Segment Start: Available data

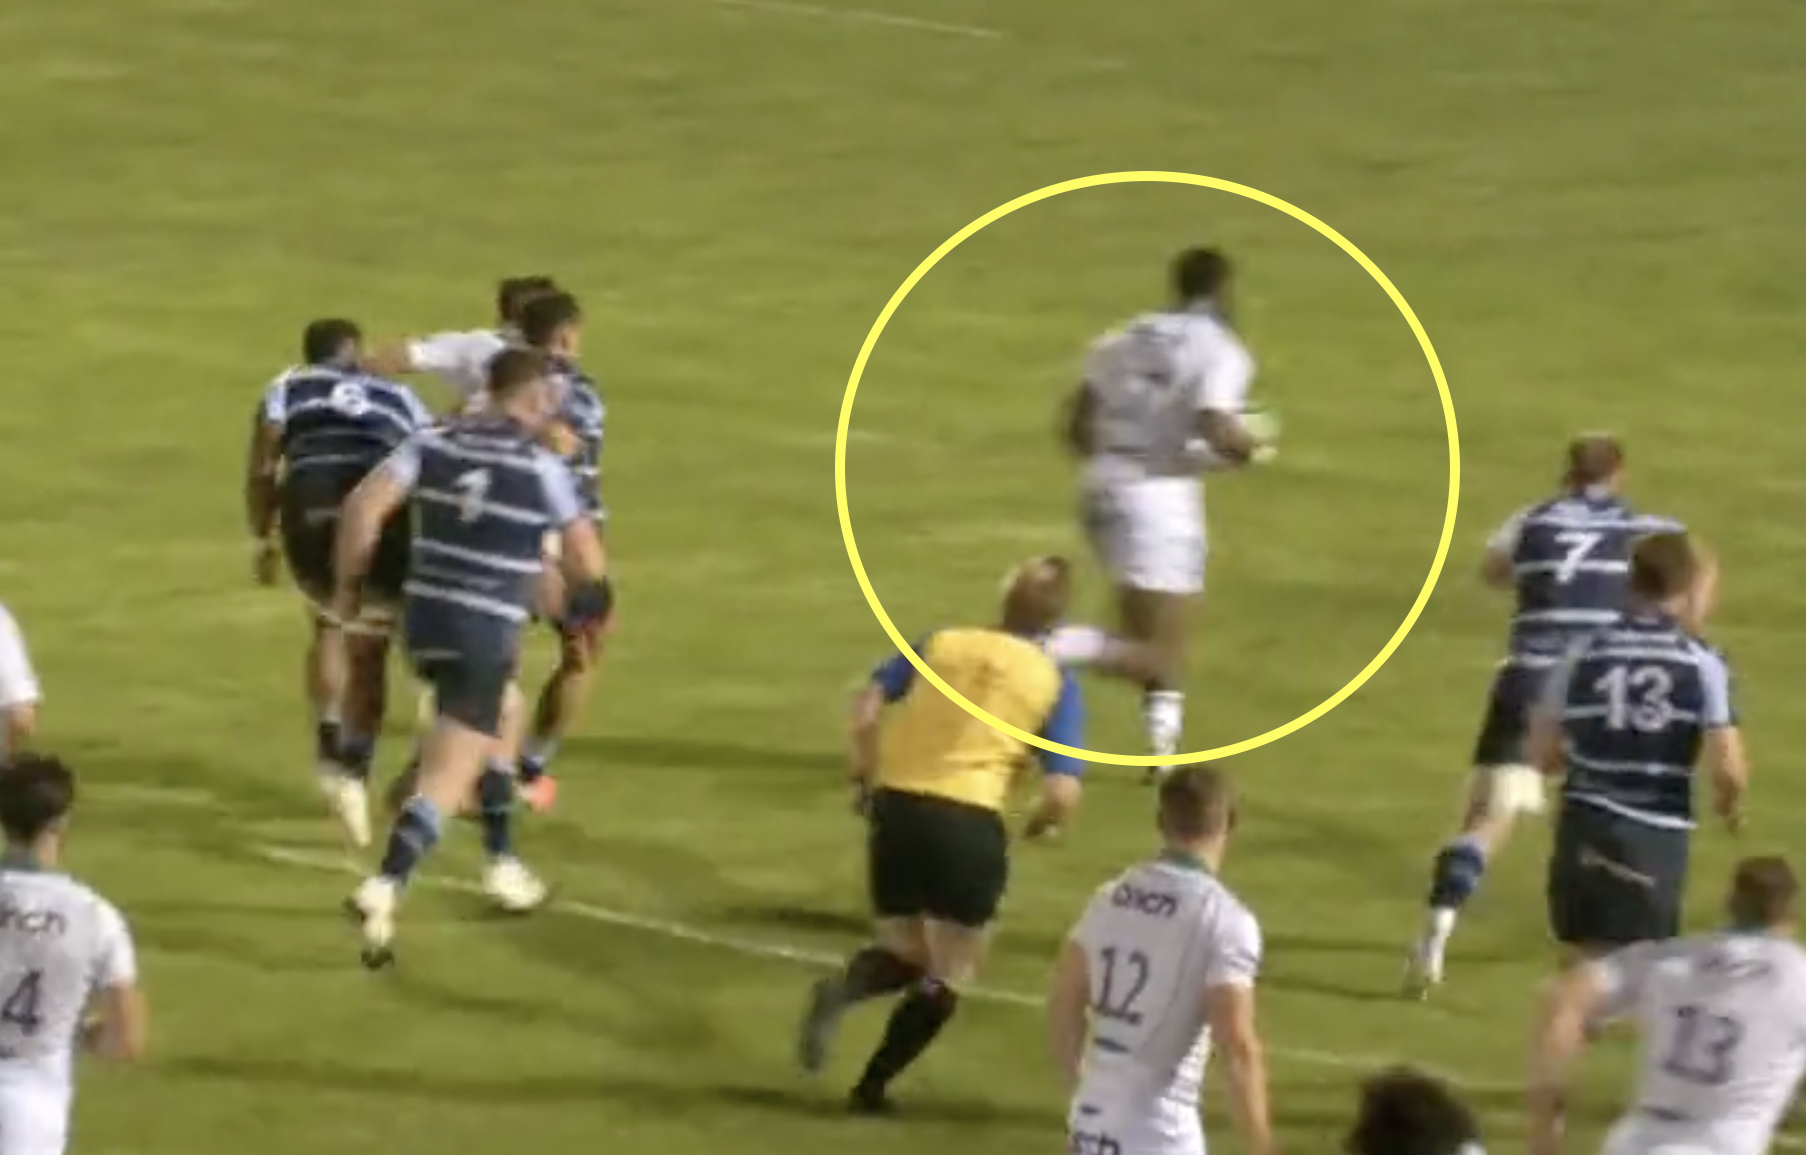 Saints prop deserved a new contract for this outrageous sidestep alone
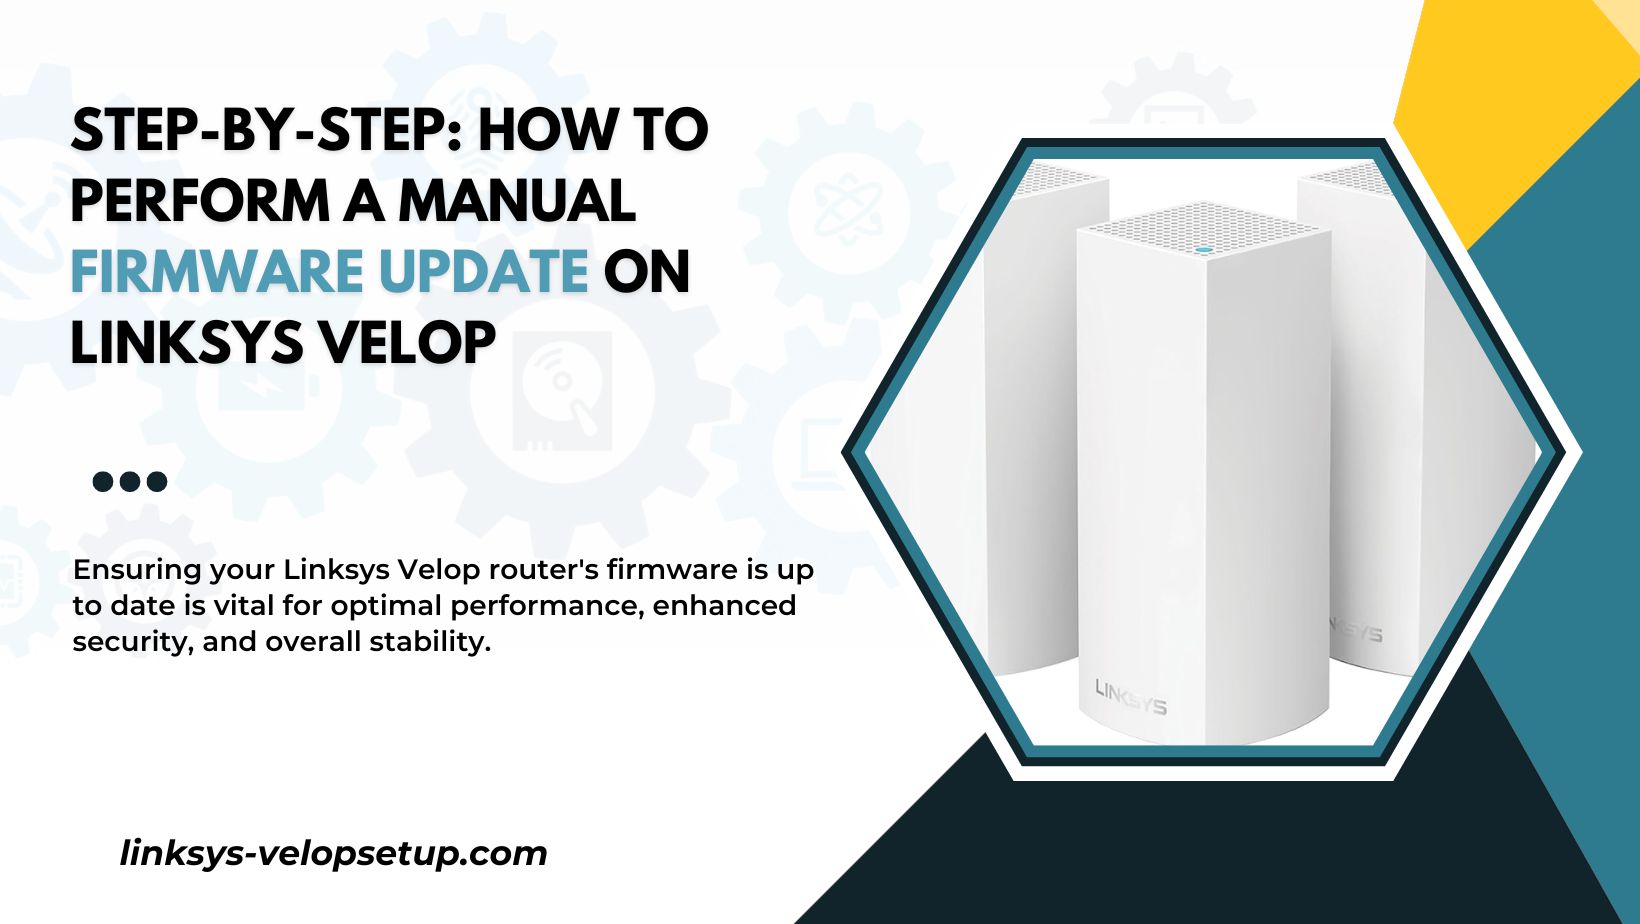 You are currently viewing Step-by-Step: How to Perform a Manual Firmware Update on Linksys Velop
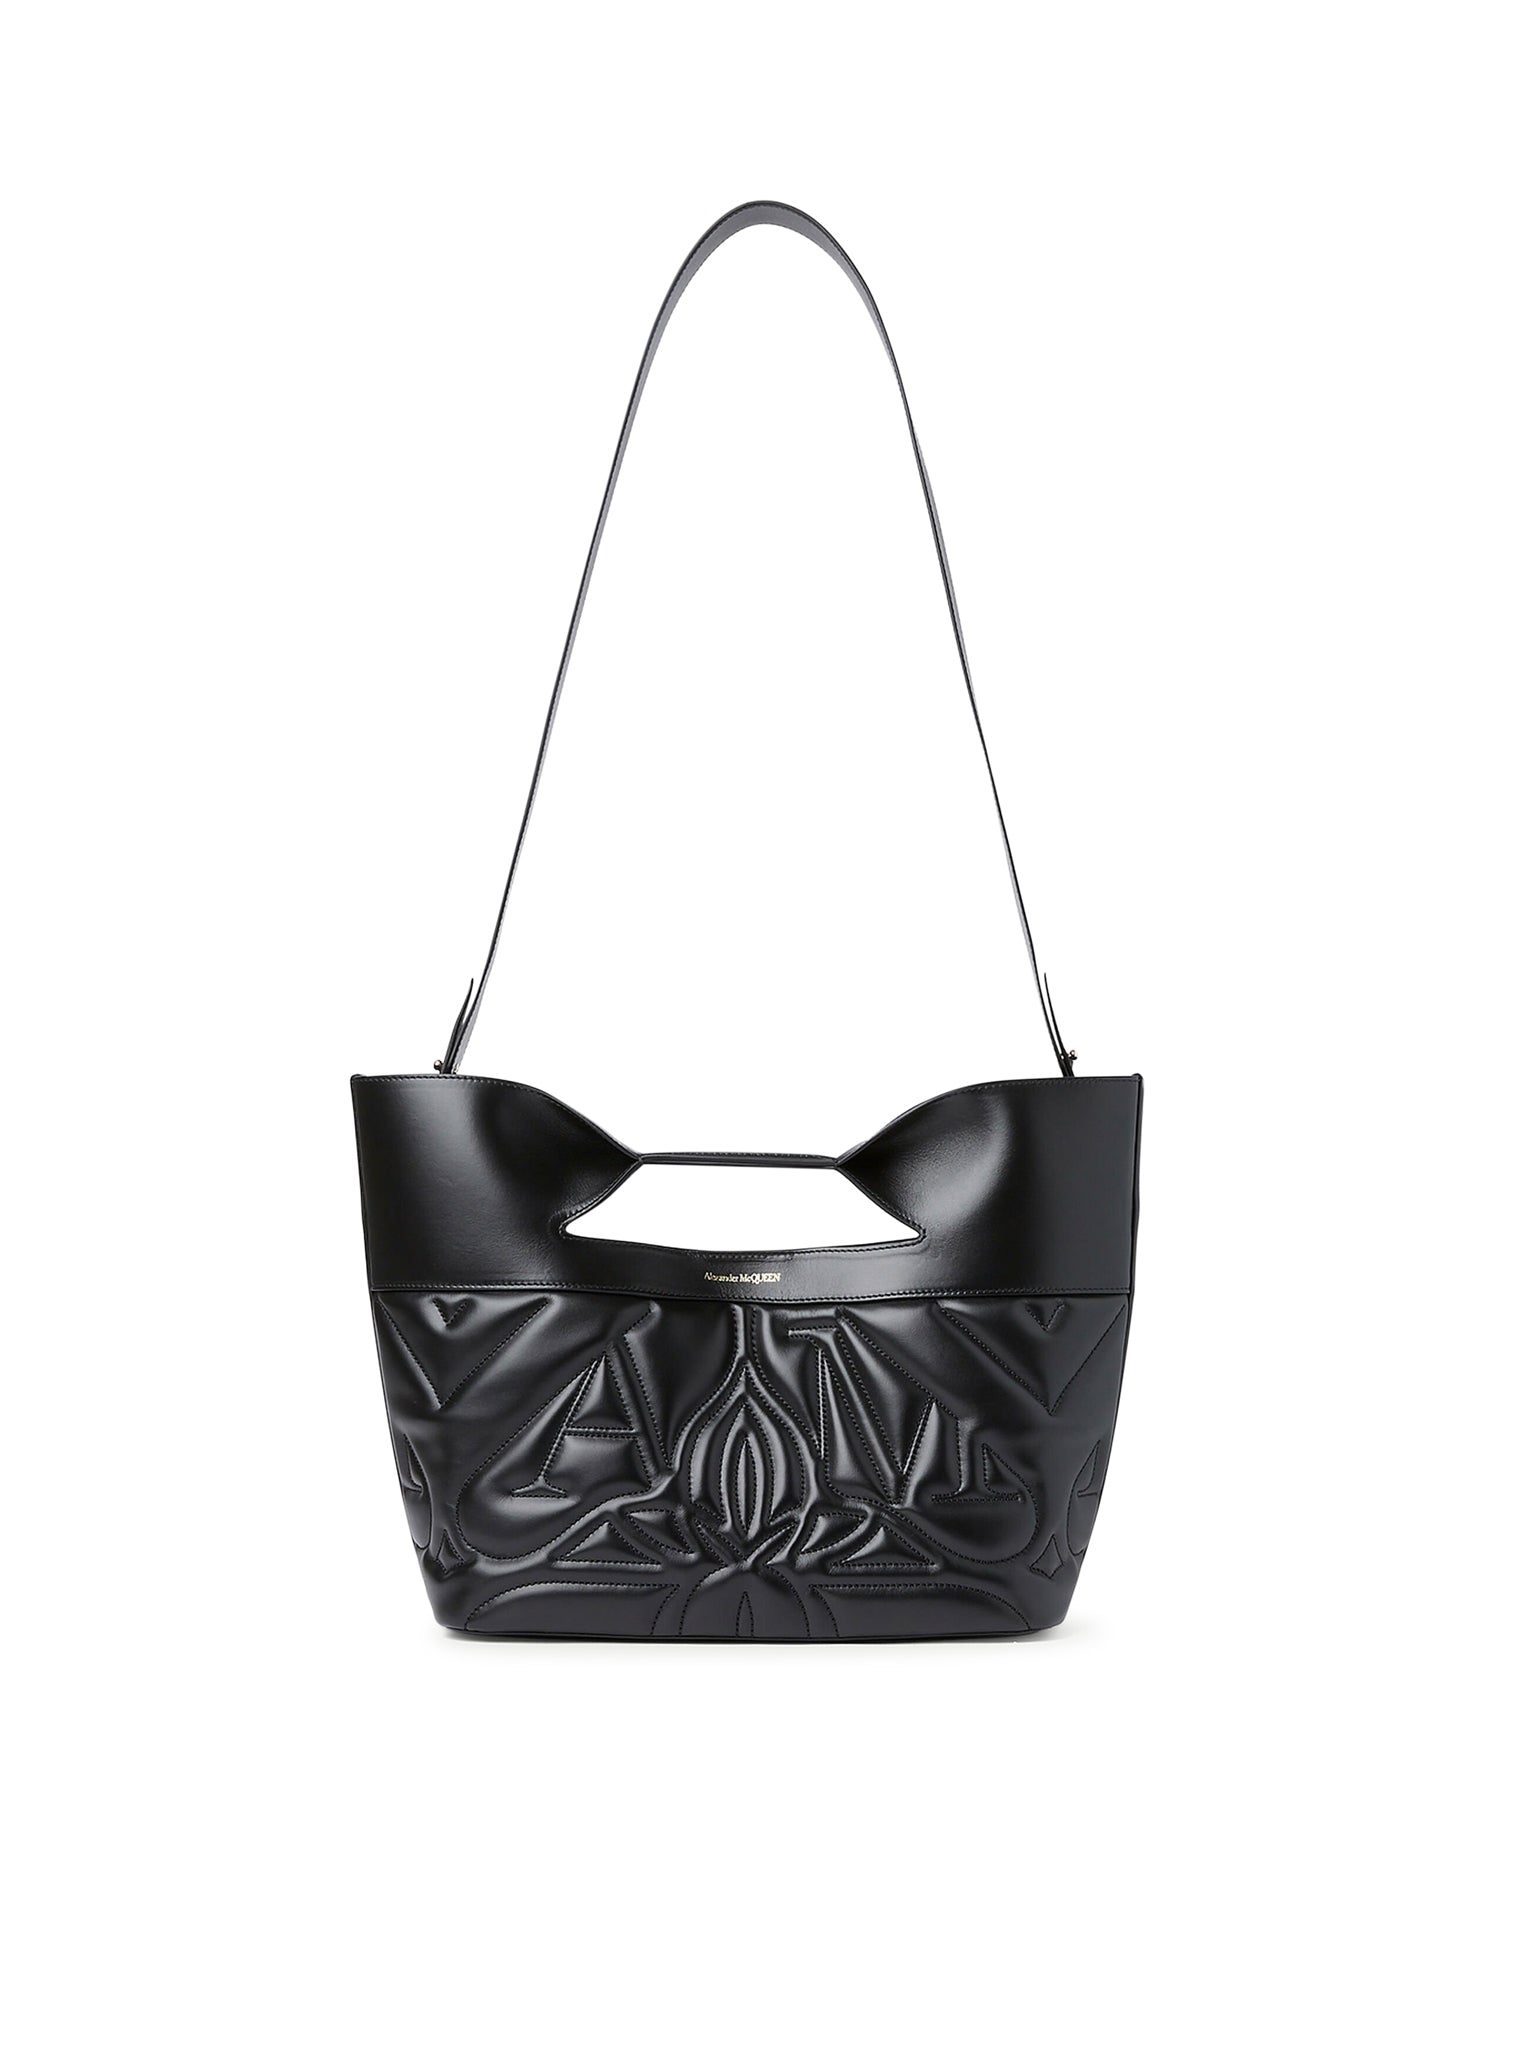 The Bow Small Bag for Women

Segment End: Available data

**What you will do:**
Write down the full listing above exactly as it is, except for any images.

**Response box:**
 Saints prop deserved a new contract for this outrageous sidestep alone
 You are currently viewing Step-by-Step: How to Perform a Manual Firmware Update on Linksys Velop
 The Bow Small Bag for Women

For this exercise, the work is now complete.